BP: Bitch, how the fuck I'm gon' sit here like, Frank Ocean reject me.

JO: No, let me finish. Let me finish telling you the story. And then, he like, liked the image. He was like, thanks for the picture. And I was like, thanks. Send me the one you sent. And then as soon as I sent it, it went green. Like it went from a blue text to a green text.

BP: Oh, shit. Oh my God. Like that's, that's a vibe. That's like, you know.

JO: Did he like block me? Or did he change his number? I don't know. I mean, famous people do just be changing their numbers, but also that's lawful top energy 'cause I was like, I think he was like, oh, I smell a top here. I need to top him in this moment. And maybe, that was the moment when like my asshole loosened a bit and I was like, maybe I am a bottom.

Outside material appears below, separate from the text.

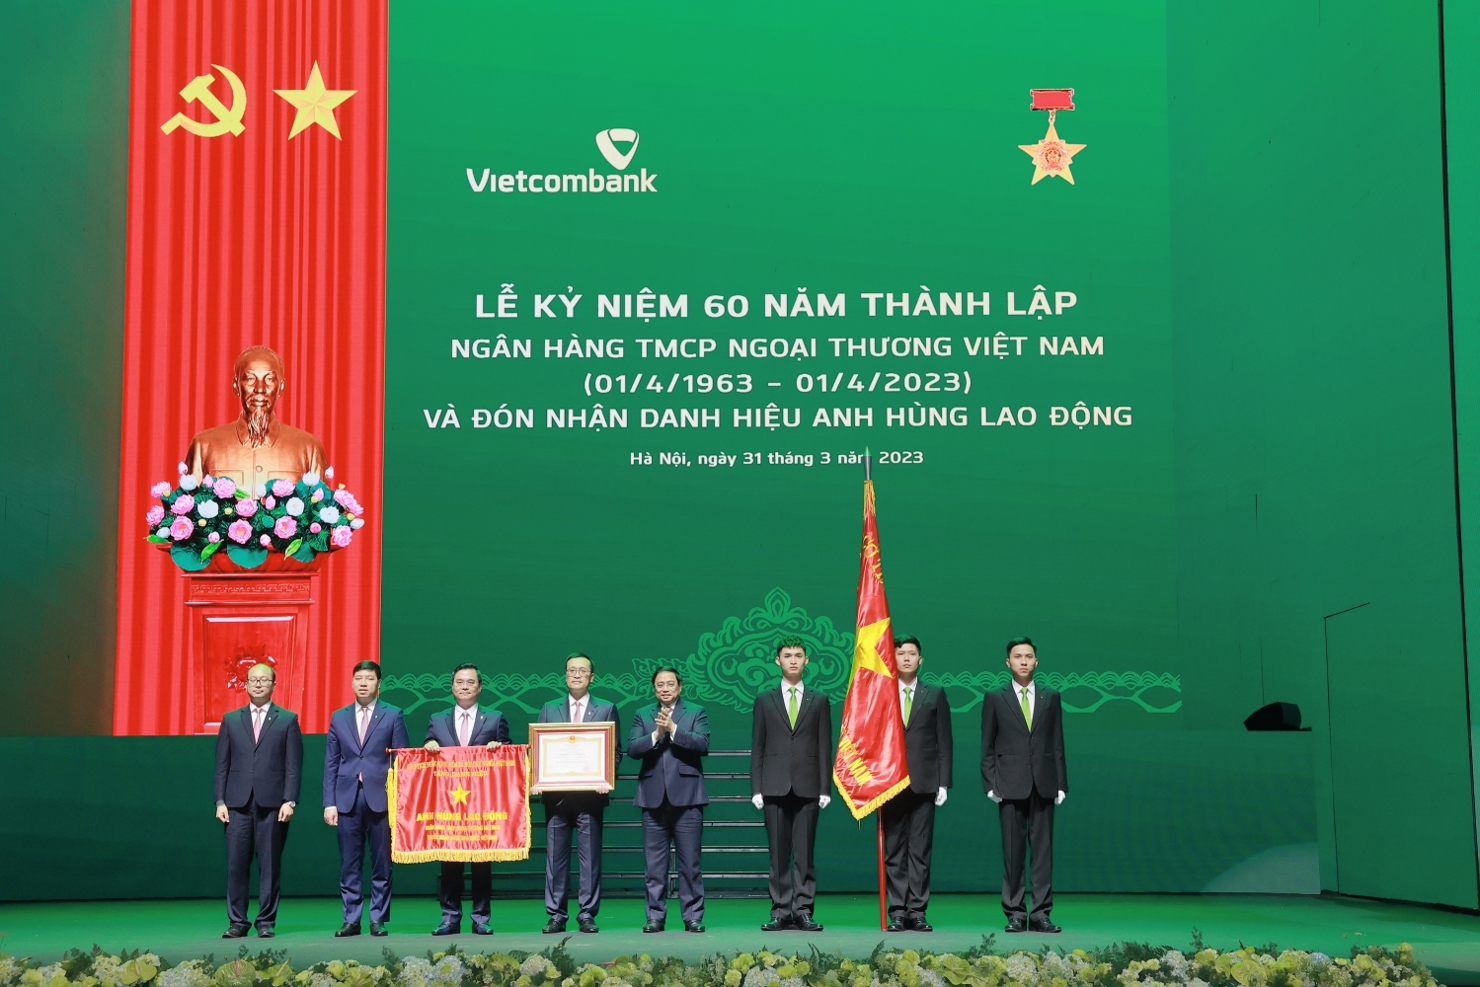 Thủ tướng Chính phủ Phạm Minh Chính trao tặng Bằng khen và cờ danh hiệu Anh hùng Lao động cho Ban lãnh đạo Vietcombank

BP: I, see this is the problem too. Like I think like, the fact that I can take some dick should make me highly celebrated. Like, bitches be out here squirming showing up with shitty kittys. I don't do any of that. Like I felt like he should just love me.

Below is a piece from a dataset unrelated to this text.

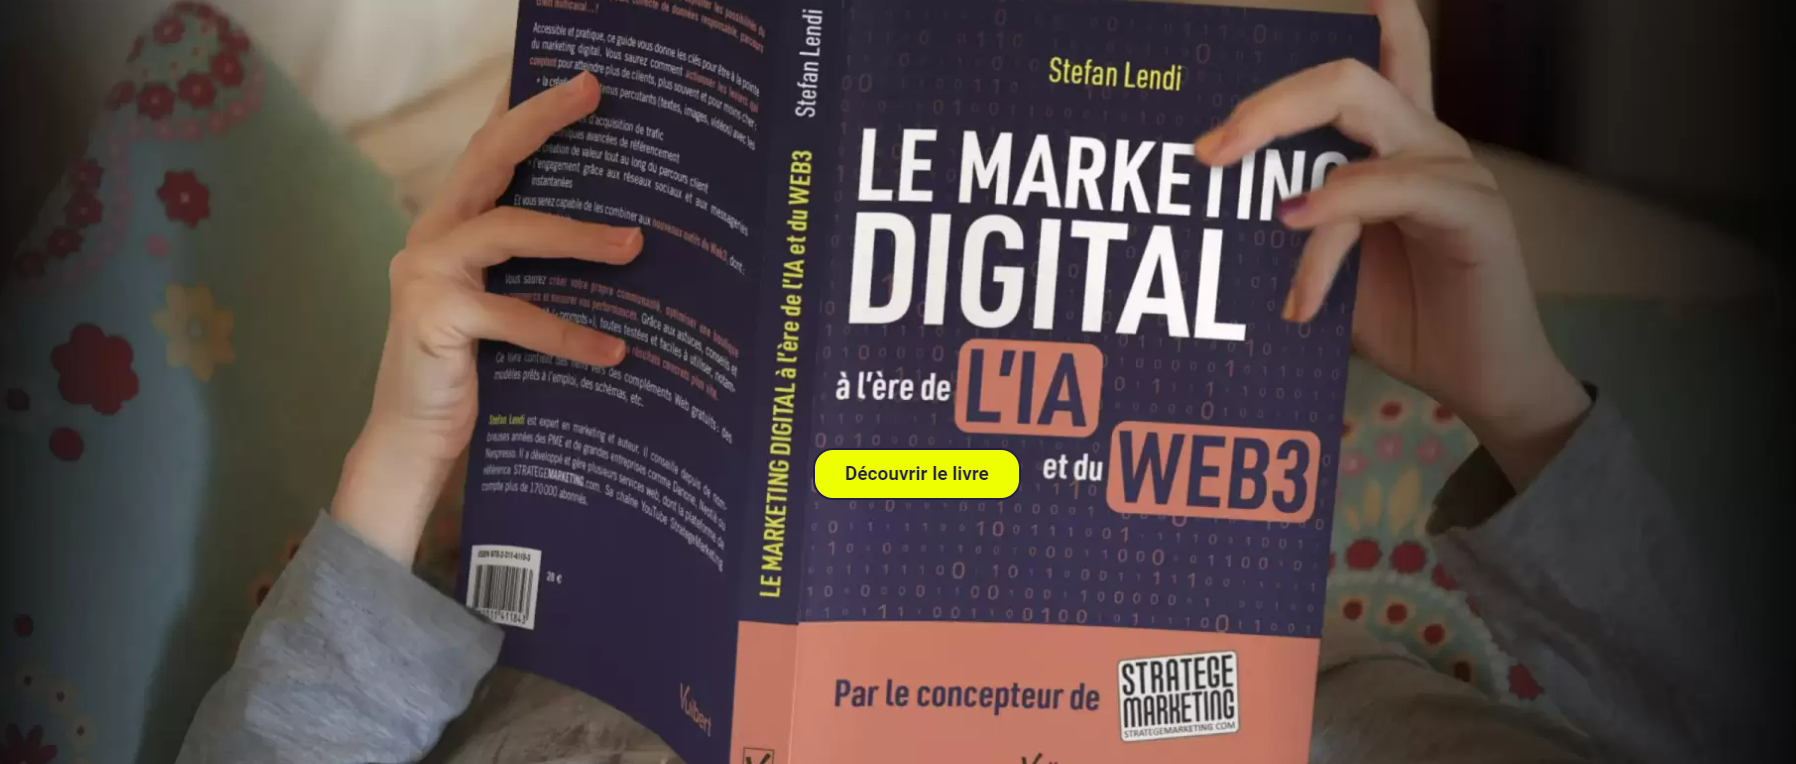 Le Marketing Digital à l'ère de l'IA et du Web 3 - Ce qu'il faut retenir du nouveau livre de Stefan Lendi 18

JO: I'll give you the list of the boys who will just love you. I'll give you a list.

BP: Yeah. Like am I supposed to be like the Black boy, like indie writer supreme. Where the fuck is my like white boyfriend that don't do drugs.

JO: Wait. I thought you wanted a famous Black boyfriend.

BP: I have, I contain multitudes, Jeremy.

JO: That's so whack. You want a famous white boyfriend? Those are easy to get. Those are like too easy to get like no, the top tier gay in Hollywood is to get-

BP: Okay, yo, okay, Jeremy.

JO: Also, announce who all the secret Latino gay actors are. I led into the back door on that one.

BP: Jeremy. Okay. Again, I am explaining to you my chaotic, bottom boy pain. You're like, famous white boyfriend. That's easy to get. I'm just like, yo wait, what? They like get mad at me.

JO: They're all desperate. All the famous, white people are desperate. It's so boring.

BP: I just think when you a Black man and the world knows that you ain't got eight inches of dick for them, the whole interaction changes. And I have experienced it.

JO: Why do you advertise that you don't have eight inches of dick for them? You should just like do what they do and lie.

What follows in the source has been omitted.